Clinical decision support to improve management of diabetes and dysglycemia in the hospital: a path to optimizing practice and outcomes.

BMJ Open Diabetes Res Care 2021 Jan;9(1)

Department of Medicine, Public Health Sciences, and Humanities, Penn State Health Milton S Hershey Medical Center, Hershey, Pennsylvania, USA.

Introduction: Innovative approaches are needed to design robust clinical decision support (CDS) to optimize hospital glycemic management. We piloted an electronic medical record (EMR), evidence-based algorithmic CDS tool in an academic center to alert clinicians in real time about gaps in care related to inpatient glucose control and insulin utilization, and to provide management recommendations.

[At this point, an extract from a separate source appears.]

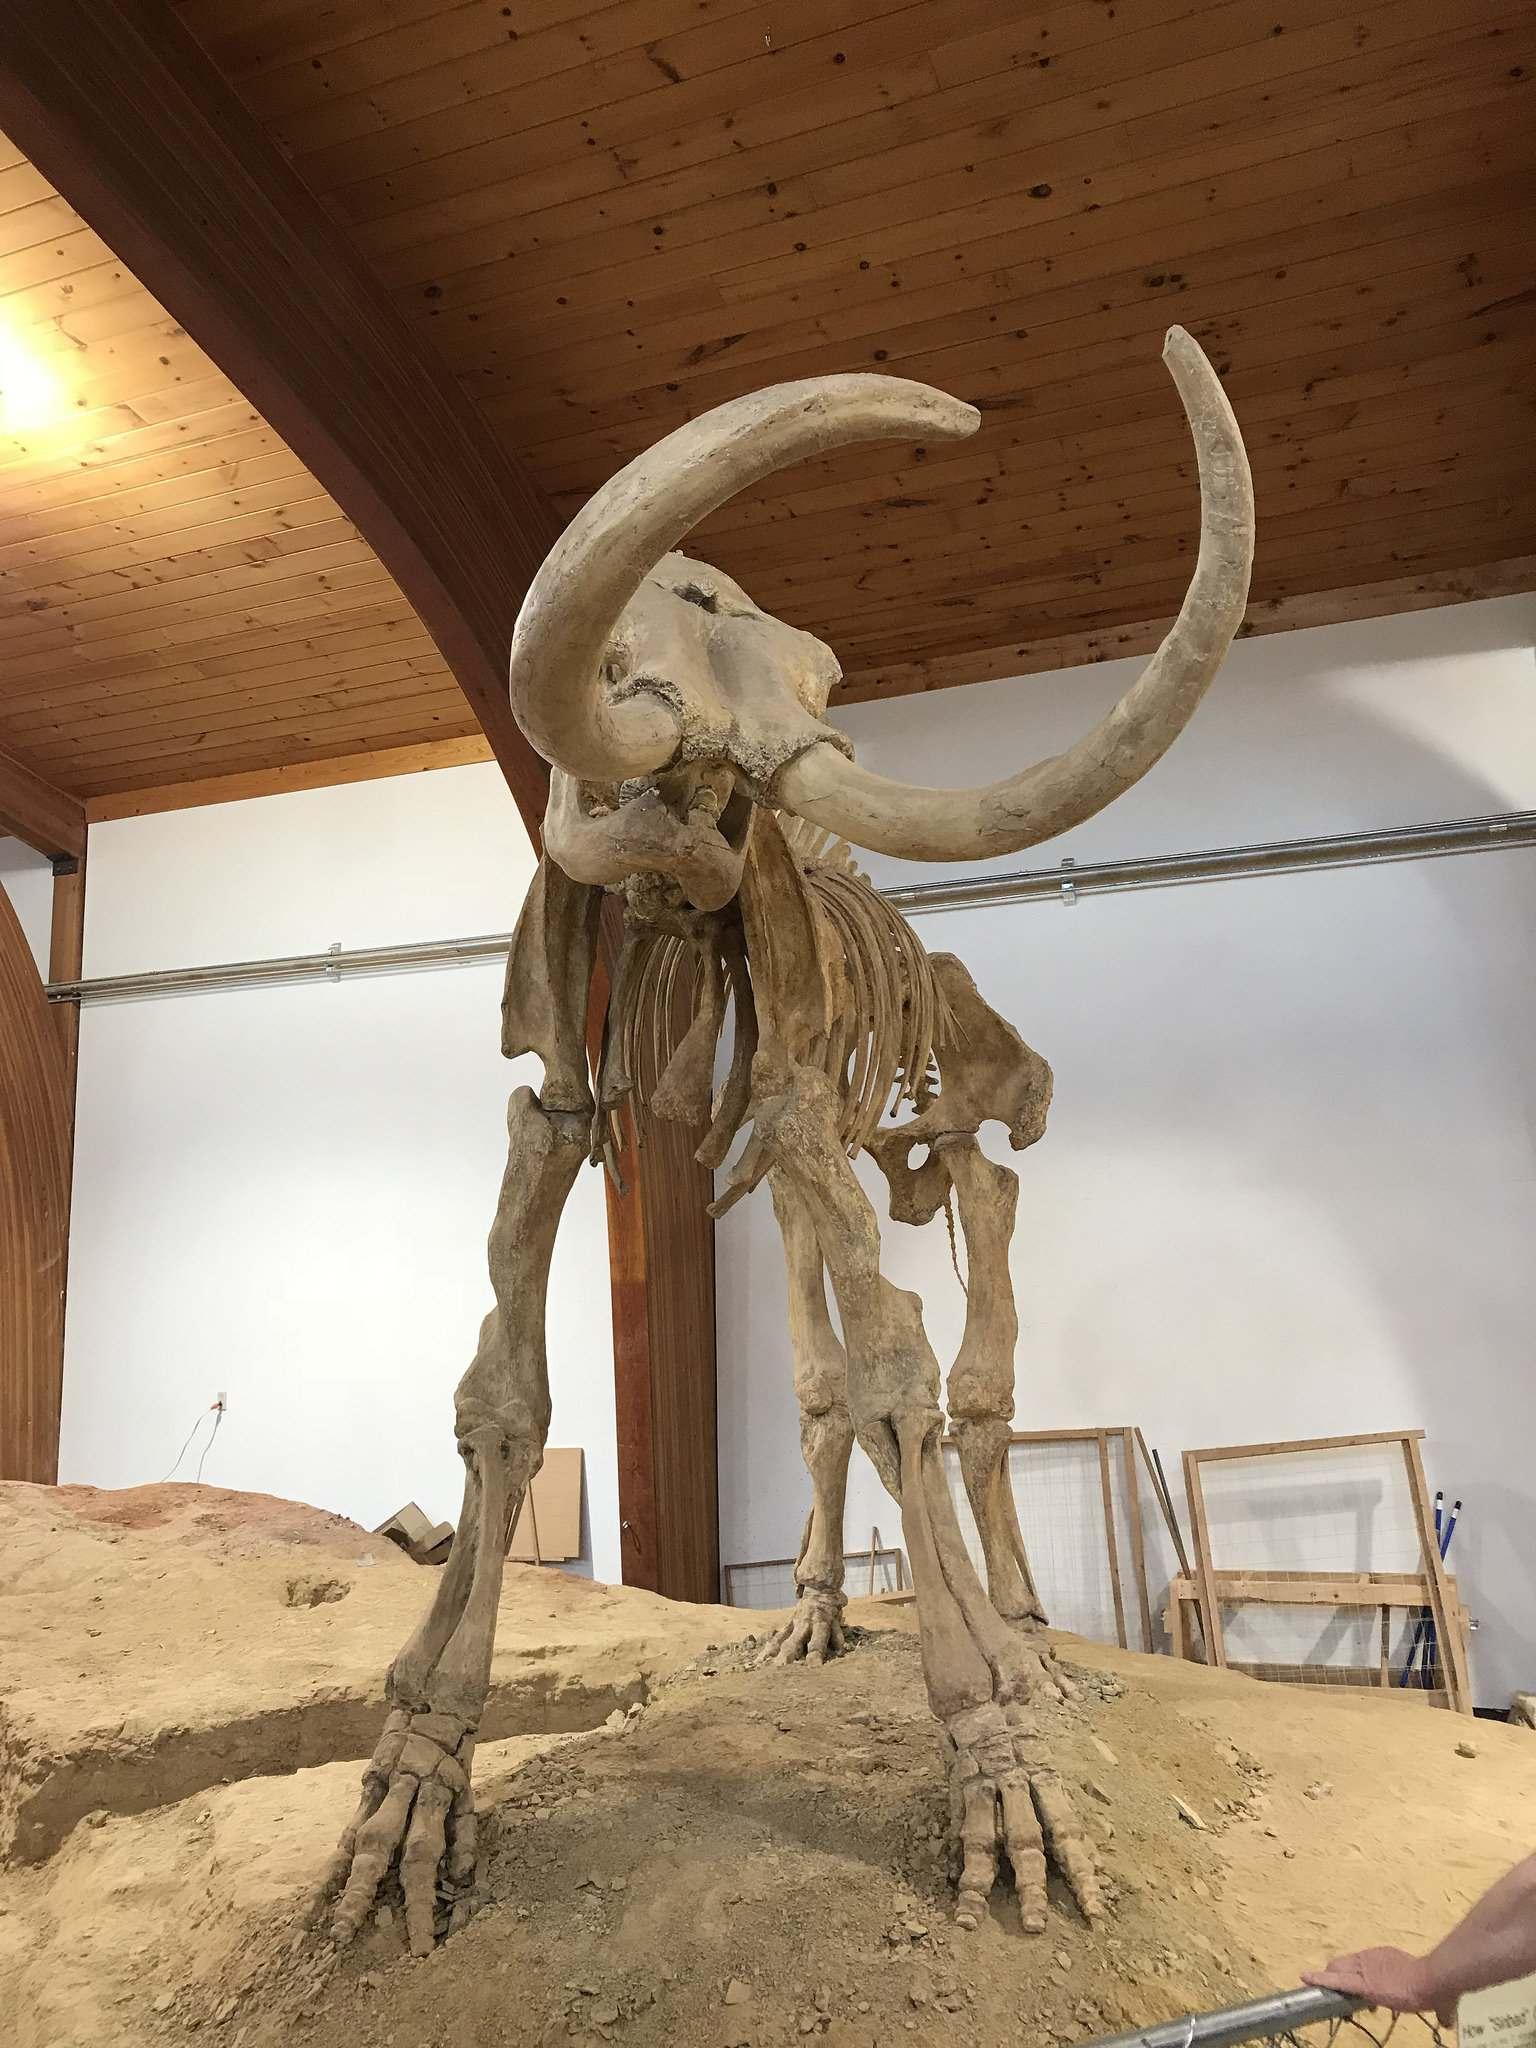 mammoth site9 Mammoth Site of Hot Springs in South Dakota

Research Design And Methods: The tool was designed to identify clinical situations in need for action: (1) severe or recurrent hyperglycemia in patients with diabetes: blood glucose (BG) ≥13.88 mmol/L (250 mg/dL) at least once or BG ≥10.0 mmol/L (180 mg/dL) at least twice, respectively; (2) recurrent hyperglycemia in patients with stress hyperglycemia: BG ≥10.0 mmol/L (180 mg/dL) at least twice; (3) impending or established hypoglycemia: BG 3.9-4.4 mmol/L (70-80 mg/dL) or ≤3.9 mmol/L (70 mg/dL); and (4) inappropriate sliding scale insulin (SSI) monotherapy in recurrent hyperglycemia, or anytime in patients with type 1 diabetes. The EMR CDS was active (ON) for 6 months for all adult hospital patients and inactive (OFF) for 6 months. We prospectively identified and compared gaps in care between ON and OFF periods.

Results: When active, the hospital CDS tool significantly reduced events of recurrent hyperglycemia in patients with type 1 and type 2 diabetes (3342 vs 3701, OR=0.88, p=0.050) and in patients with stress hyperglycemia (288 vs 506, OR=0.60, p<0.001). Hypoglycemia or impending hypoglycemia (1548 vs 1349, OR=1.15, p=0.050) were unrelated to the CDS tool on subsequent analysis. Inappropriate use of SSI monotherapy in type 1 diabetes (10 vs 22, OR=0.36, p=0.073), inappropriate use of SSI monotherapy in type 2 diabetes (2519 vs 2748, OR=0.97, p=0.632), and in stress hyperglycemia subjects (1617 vs 1488, OR=1.30, p<0.001) were recognized.

Conclusion: EMR CDS was successful in reducing hyperglycemic events among hospitalized patients with dysglycemia and diabetes, and inappropriate insulin use in patients with type 1 diabetes.